The dictionary information further includes a unit designation character string that is an item name that designates a unit,
The processor is
Referring to the dictionary information, at least one of the item name of the lowermost layer in the left direction or the item name of the lowermost layer in the upper direction in the item name string with hierarchy is the unit designating character. Run the discriminating procedure to determine if it falls under the column,
The association procedure further calculates the reliability based on the determination result determined by the determination procedure, and generates the hierarchical item name column and the item data correspondence column according to the calculated reliability. 4. The document processing method according to claim 3, wherein the original undesired item name character string is associated.
4. The document processing method according to claim 3, wherein the output procedure outputs a screen for displaying in order of the reliability for each undesired item name character string associated with the item name string with hierarchy.
In the output procedure, when any undesired item name character string is selected on the screen displayed in the order of high reliability, the search result in the left direction for the selected undesired item name character string and the 9. The document processing method according to claim 8, wherein a screen for displaying a downward search result on the document is output.
A document processing apparatus comprising: a processor that executes a program; and a memory that stores a program executed by the processor,
The processor is
The certain character string and the character string existing in the right direction are concatenated to the right direction and the downward direction from a certain character string group in the document or a region including the certain character string, and the certain character A document processing apparatus that generates a multiple hypothesis document structure network by concatenating a string and the character string existing in the downward direction.

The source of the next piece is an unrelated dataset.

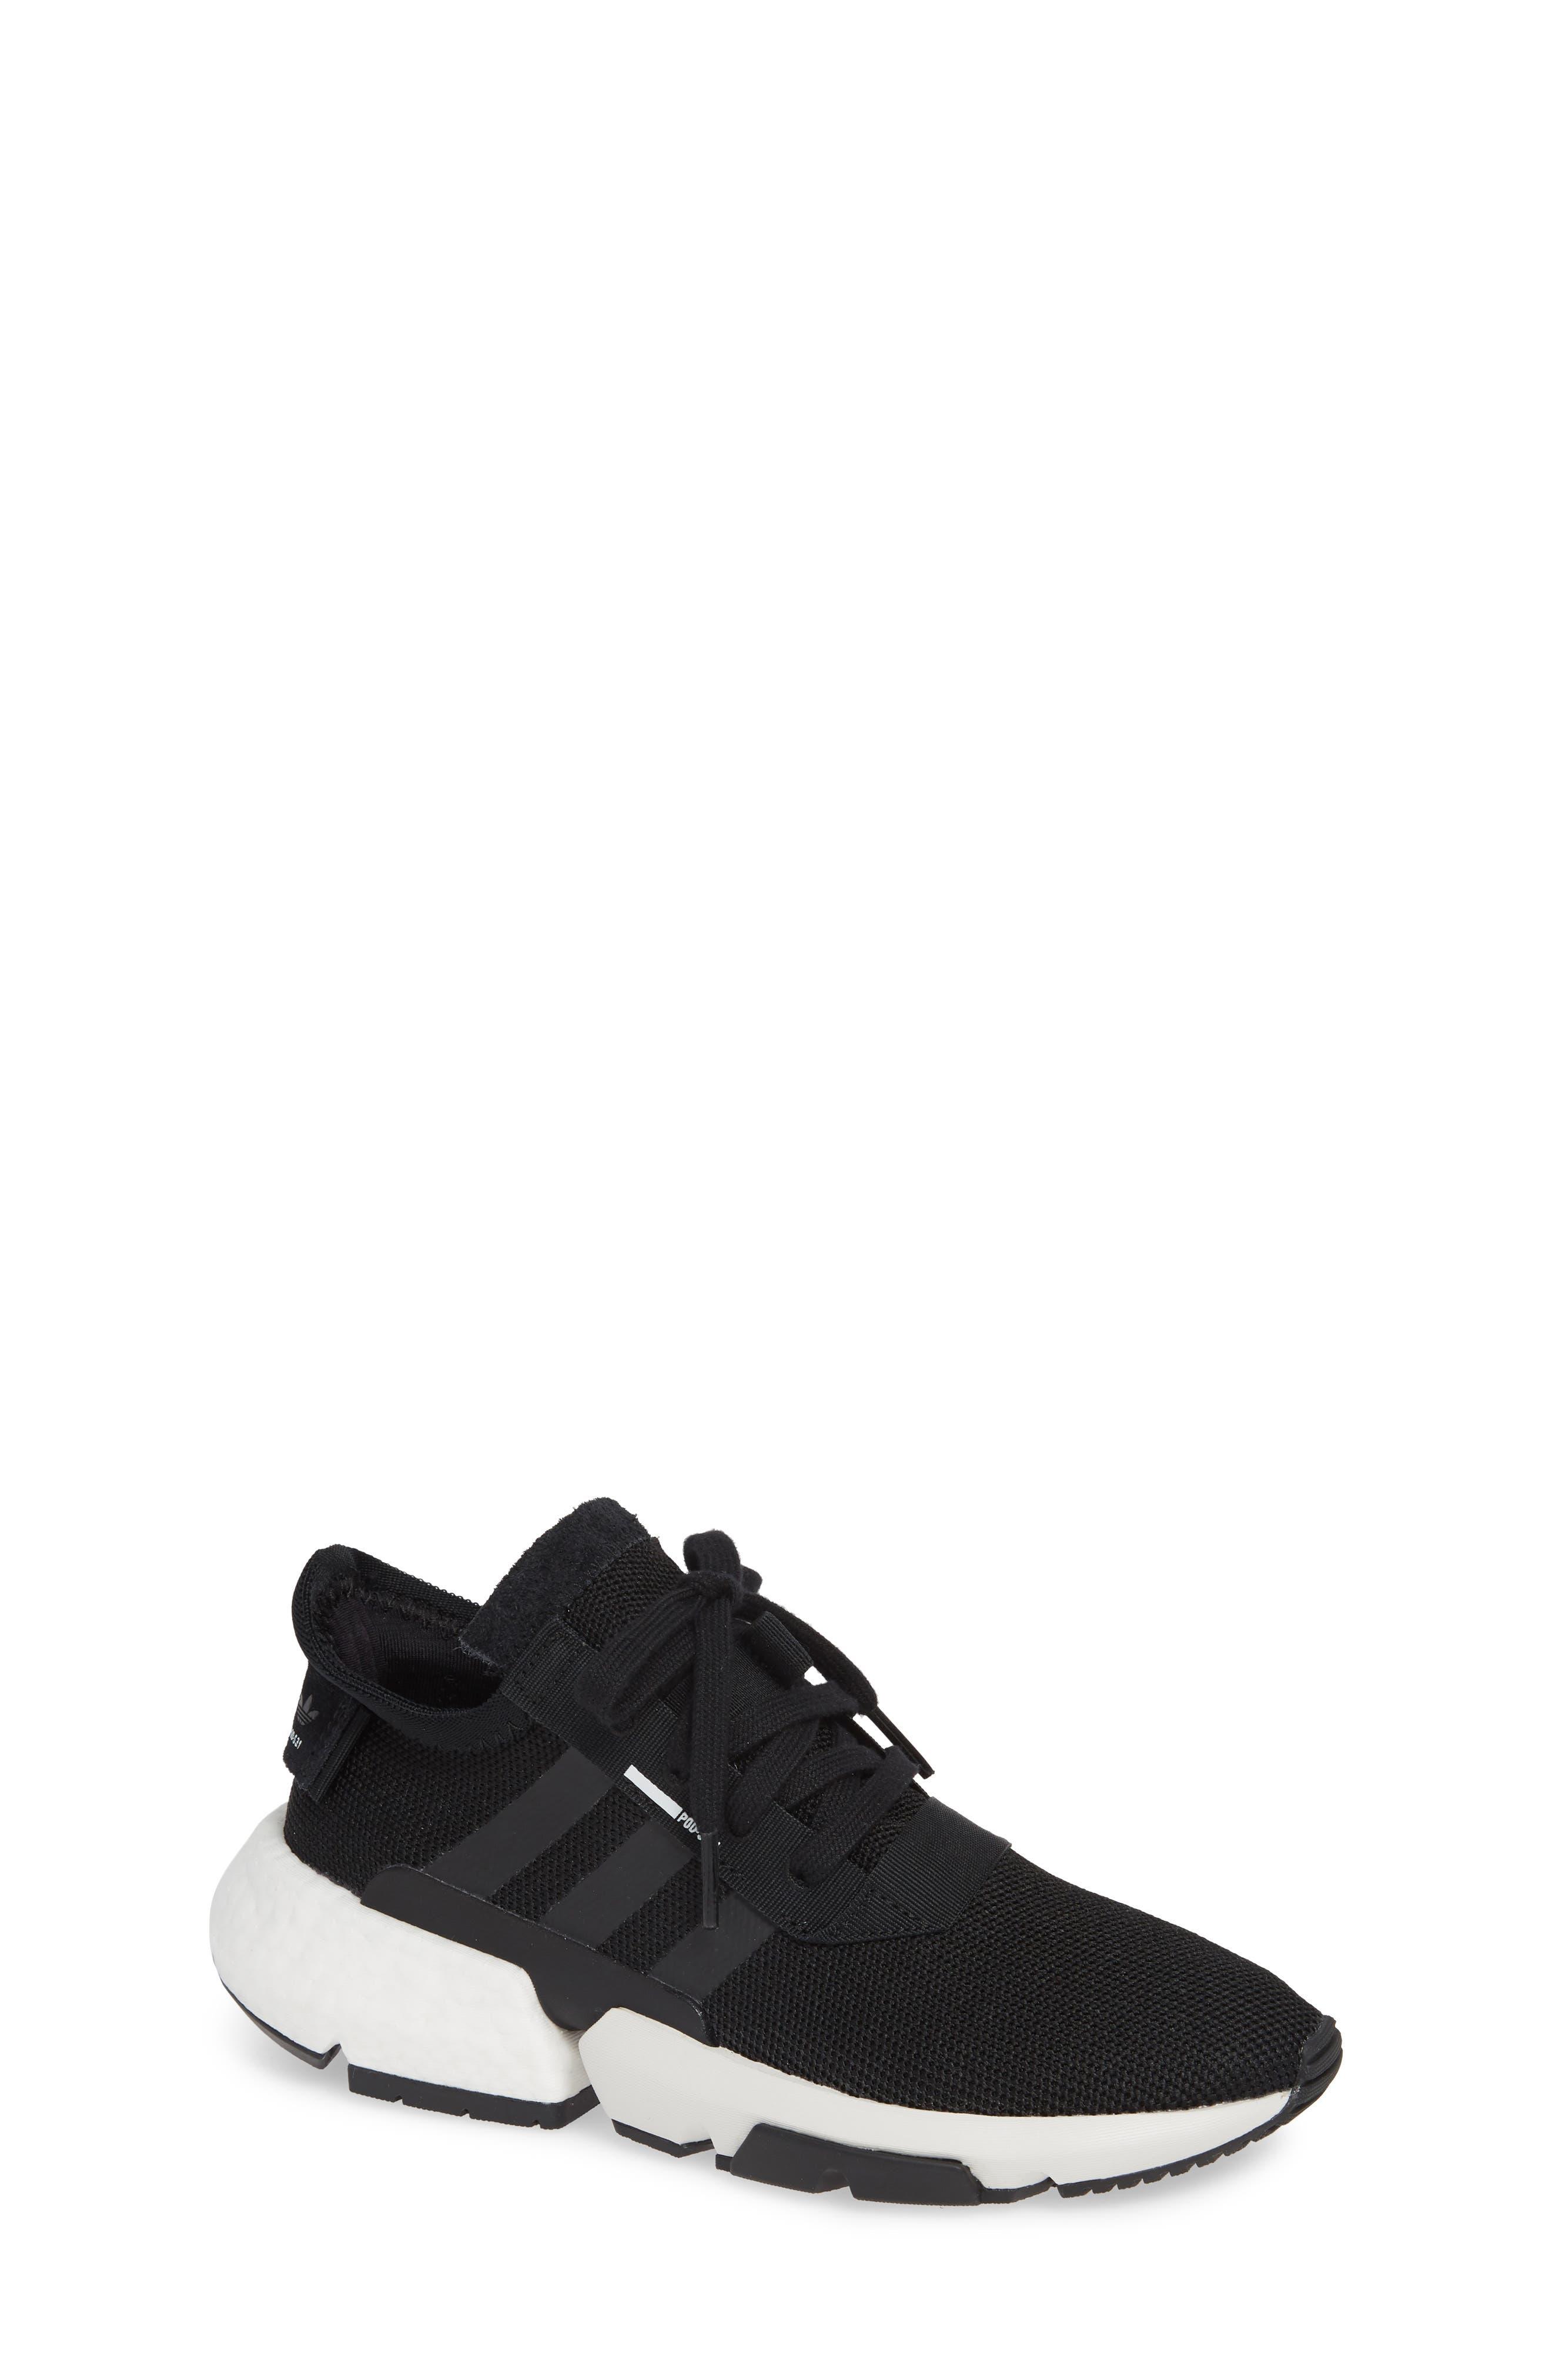 POD-S3.1 Sneaker,                             Main thumbnail 1, color,                             CORE BLACK/ BLACK/ LEGEND IVY
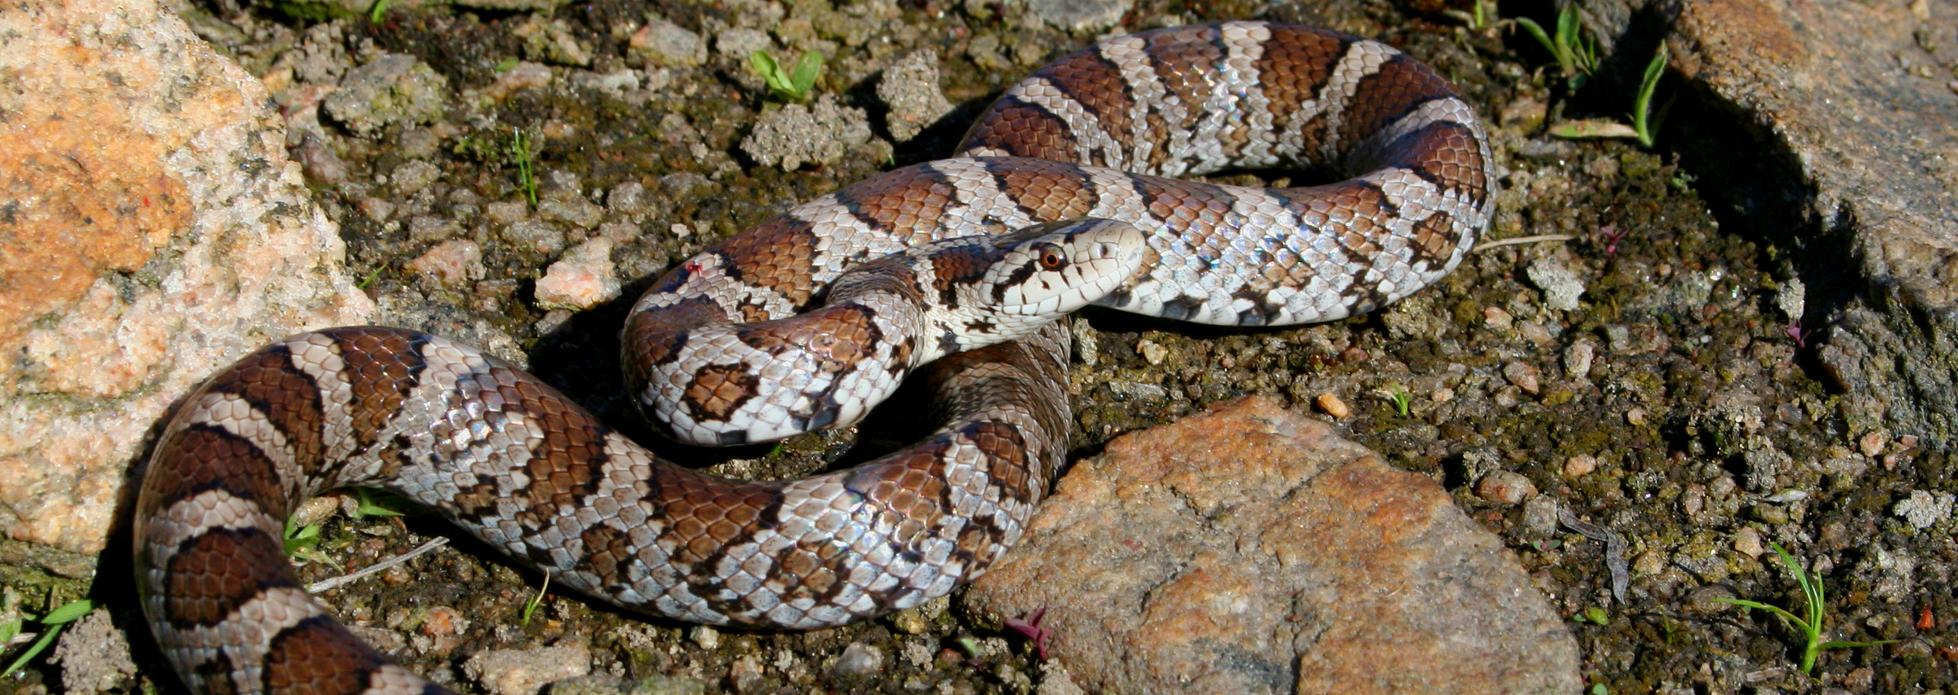 Milksnake | Reptiles and Amphibians in Ontario | Ontario Nature

In a computer having a processor that executes a program and a memory that stores a program executed by the processor,
The certain character string and the character string existing in the right direction are concatenated to the right direction and the downward direction from a certain character string group in the document or a region including the certain character string, and the certain character A document processing program for generating a multiple hypothesis document structure network by connecting a string and a character string existing in the downward direction.